For people in the livestock industry, the best news is that 2009 is finally over. Never in history has the livestock industry seen so much red ink — led by the dairy industry, then pork and beef. The good news: 2010 should be a very bright profit picture for the livestock industry.
As we move forward into 2010, marketing and purchasing strategies will be on all producers' minds. To help your thinking process, let me share with you some of my own thoughts — which you may or may not agree with.
To begin with, I am in the deflationary camp, not inflationary. Even though money supply is increasing sharply, tightening of credit is slowing demand. We are in a consumer-driven economy and the consumer is out of work.
Many economists are saying the recession is over, but I view the last nine months of improvement in the economy and in the stock market as one of only short-term recovery as a result of companies rebuilding inventories and the job market starting to stabilize — at some point the loss in jobs has to quit.
With that train of thought, here are four predictions on what will happen in the next 12 months:
Grain prices will finish the year lower. Sharp increases in soybean production in South America will offset increased Chinese purchases. Yields are also increasing faster than demand. The ethanol industry will remain strong, but corn yields are increasing faster than the demand for corn ethanol.

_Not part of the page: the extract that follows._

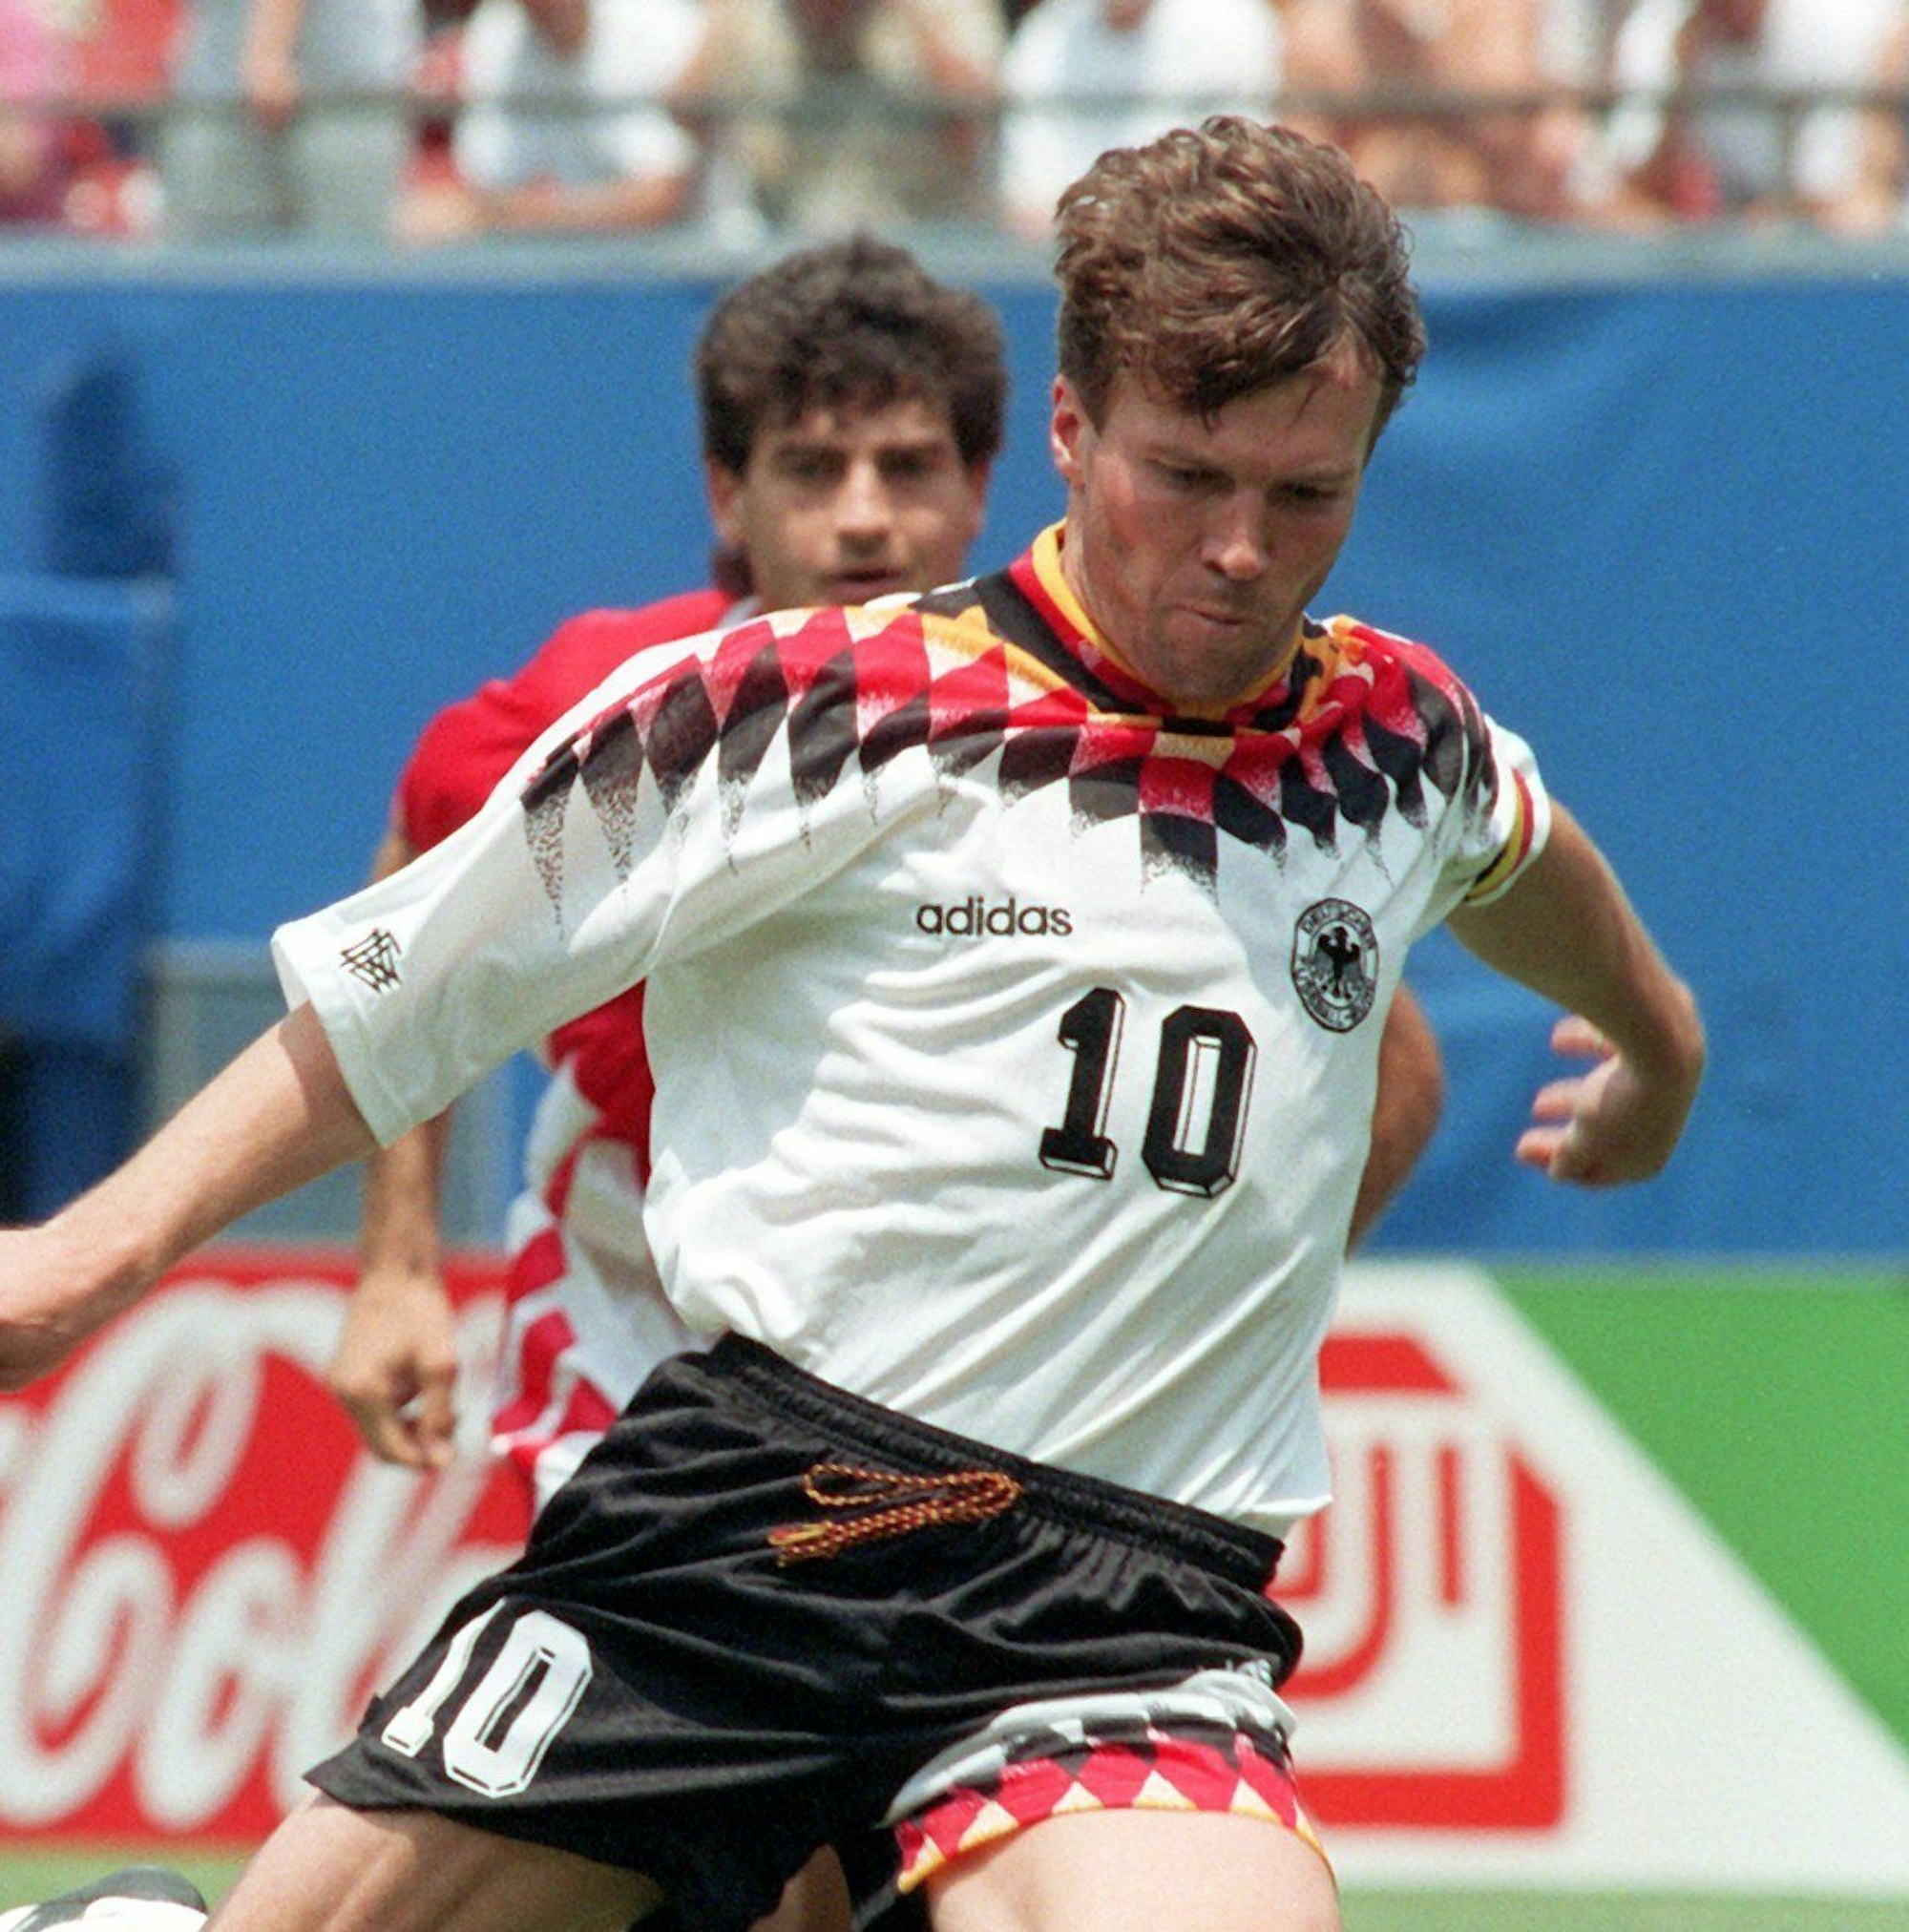 Der ehemalige Mannschaftskaptitän der deutschen Fußball-Nationalmannschaft, Lothar Matthäus, verwandelt auf dem Archivbild am 10.07.1994 im New Yorker Giants Stadium in der 49. Minute einen Foul-Elfmeter zur 1:0-Führung im Spiel gegen Bulgarien.

ENERGY PRICES WILL finish lower. The world is still in a slowdown mode. Little expansion is occurring anywhere, which results in lower demand for crude oil. The downside potential in prices is greater than the upside risk. The surprise here could possibly be problems in the Middle East that could send prices back up, but I think those odds are remote.
Livestock profits will improve substantially. Milk prices are headed back higher as cows have been culled and the dairy herd is back to a more manageable level. Pork and beef prices have also bottomed. Producers will be paying less for feed.
The stock market will finish 2010 lower than it started. As stated earlier, we are in a deflationary environment and although some industries appear to be doing well, it's a whiplash recovery from extremely low inventory levels. As long as the consumer is unemployed, this recovery is going to be long and slow.
Richard Brock is president of Brock Associates, a farm market advisory firm, and publisher of The Brock Report. For a trial subscription and information on Brock services, call 800-558-3431 or visit www.brockreport.com.
THE BOTTOM LINE
The world is going to go back to a more stable and less volatile price environment. The volatility that we have witnessed over the last two years will start to be more stable. This will make management decisions easier. An important element to keep in mind in this type of environment, however, is not to compare this year's prices to last year's prices. Just because prices are lower than a year ago doesn't mean they can't go lower.
Aggressive forward sales in the grain market will likely pay off in big dividends this year and yet I would be slow on buying energy-related inputs.